Once again, the county championship provided a thrilling denouement. Whether by accident, the schedule seem to throw up these conclusions in recent seasons and Lancashire have played their part in them, most notably in a noble run chase that ended just short of denying Sussex their first ever title in 2003.
The Sussex coach on that occasion was Peter Moores and now, fittingly, he's gone and broken another hoodoo, namely the 77-year wait between outright championship wins for the red rose county. Like with Sussex, he's taken a team without genuine stars and made them better than the sum of their parts and now, at last, they've made the breakthrough.
They did it tough. A month ago, they were strolling to victory, but after getting bundled out for 80 at Worcester it threw the race back into Warwickshire's favour and the Midlanders went into the final round of games ahead. Once there, however, Warkwickshire ran into the obduracy of Neil McKenzie while Lancashire - with the doughty (Yorkshire-born; I must get these digs in) Glenn Chapple bowling off a four-pace run as he pushed through the pain barrier - ground Somerset down thanks to a great late-order effort that gave them a 100-run first innings lead. Chasing 211 to win off 28 overs proved easy despite a minor wobble where two wickets went in the space of four balls. The party began and will presumably keep going for some time yet. And why not?
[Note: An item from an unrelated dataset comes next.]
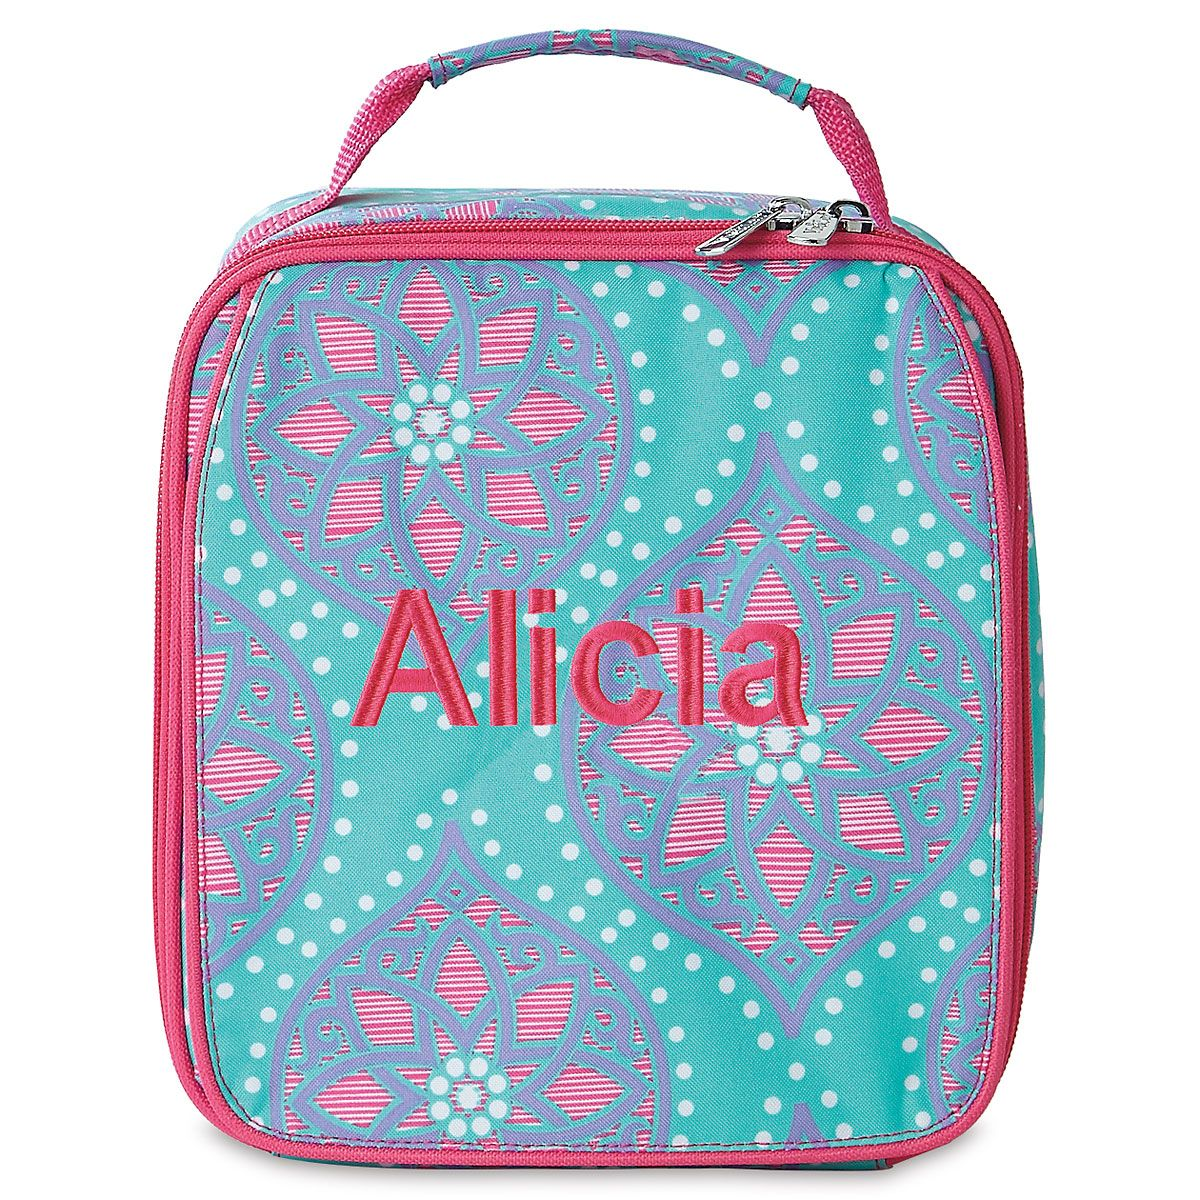 Marlee Lunch Bag - Name

Meanwhile, at the other side of the hills, it's double misery as Yorkshire were relegated for reasons best explained by this excoriation by David Hopps in the Guardian. Inevitably, the rise of Lancashire and demise of Yorkshire were inextricably intertwined. Two very close Roses matches determined the fate of both sides. At Liverpool in May, Yorkshire set Lancashire 121 to win with time running out. Farveez Maharoof strode to the wicket at fourth drop and smashed a quick 30 which secured victory with four balls of the match remaining. In the return at Headingley in July, a terrific second innings bowling performance restricted Lancashire to 194 which left 284 needed for Yorkshire to win. Progress was steady, but wickets fell at regular intervals. Adil Rashid, batting at nine, was left with Ajmal Shahzad and Richie Pyrah - centurion in the first innings, batting last in the second - to try to guide them home, but Gary Keedy - a Yorkshireman, inevitably - prised out Pyrah with Yorkshire still 24 short of victory. Yorkshire fail to lose one of those games, they stay up and Lancashire fall short of the title. On such fine margins are things decided, even if it would have papered over some serious cracks at Headingley.
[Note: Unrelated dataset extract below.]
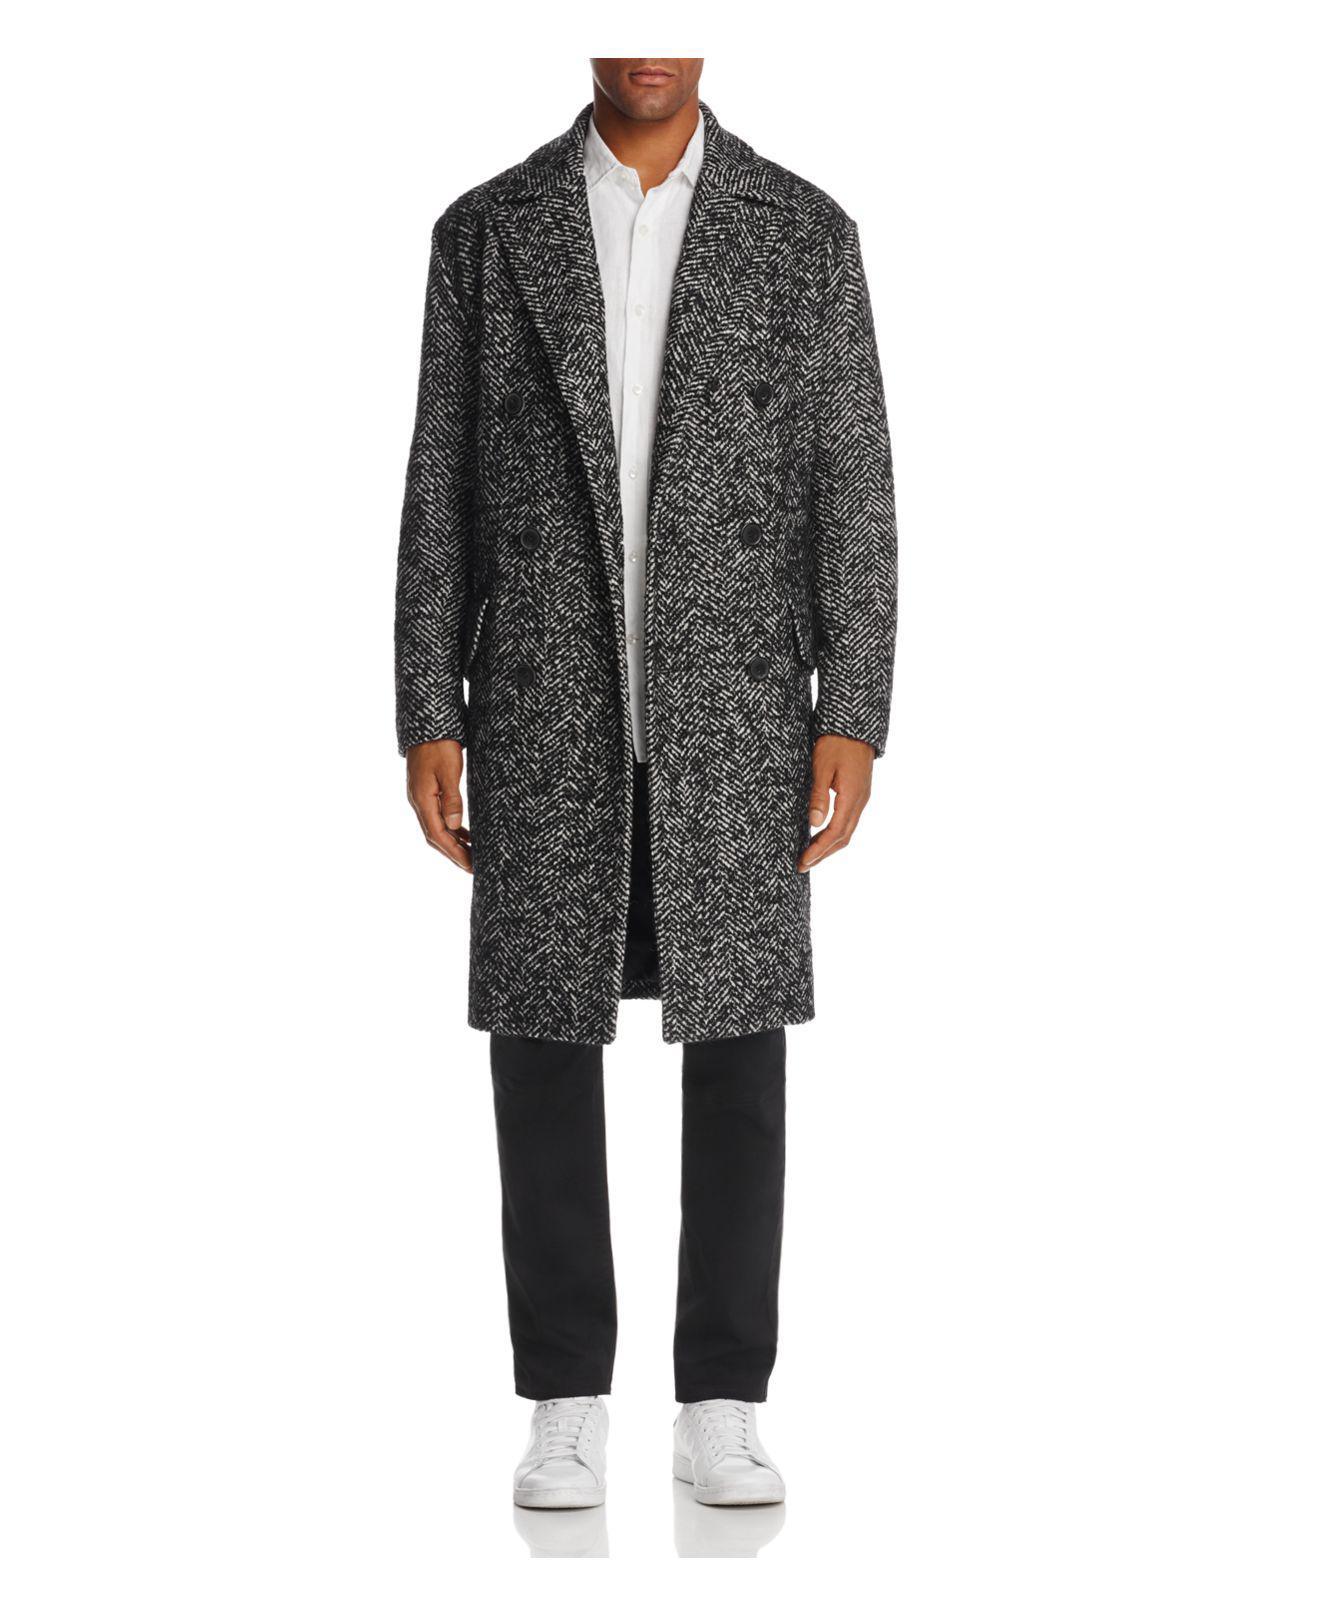 Theory. Men's Black Oversized & Double-breasted Herringbone Coat

Those two moments were key, but two others loom large, both involving points deductions for poor pitches. Warwickshire were docked eight points in May for a pitch that showed "excessive unevenness of bounce". Hampshire suffered the same fate in July after 26 wickets went down in two days on a pitch that demonstrated "excessive turn". Spinners took 25 of the 36 wickets in the match. Since then, the Rose Bowl pitch may as well have been relocated to the middle of the M2 and that was the pitch Warwickshire had to prise 20 wickets on in their final match to win the title. They managed 17 before stumps were drawn.
Sometimes, you get the feeling your name is on a trophy. This year, it's felt like Lancashire's was destined to be on it. Does it rain less in Liverpool than in Manchester? The move to Aigburth while Old Trafford's renovation has been going on seems to have done them good and it's hard not to share in Lancashire's success.
The one consolation for this Yorkshireman is - at least it wasn't bloody Surrey.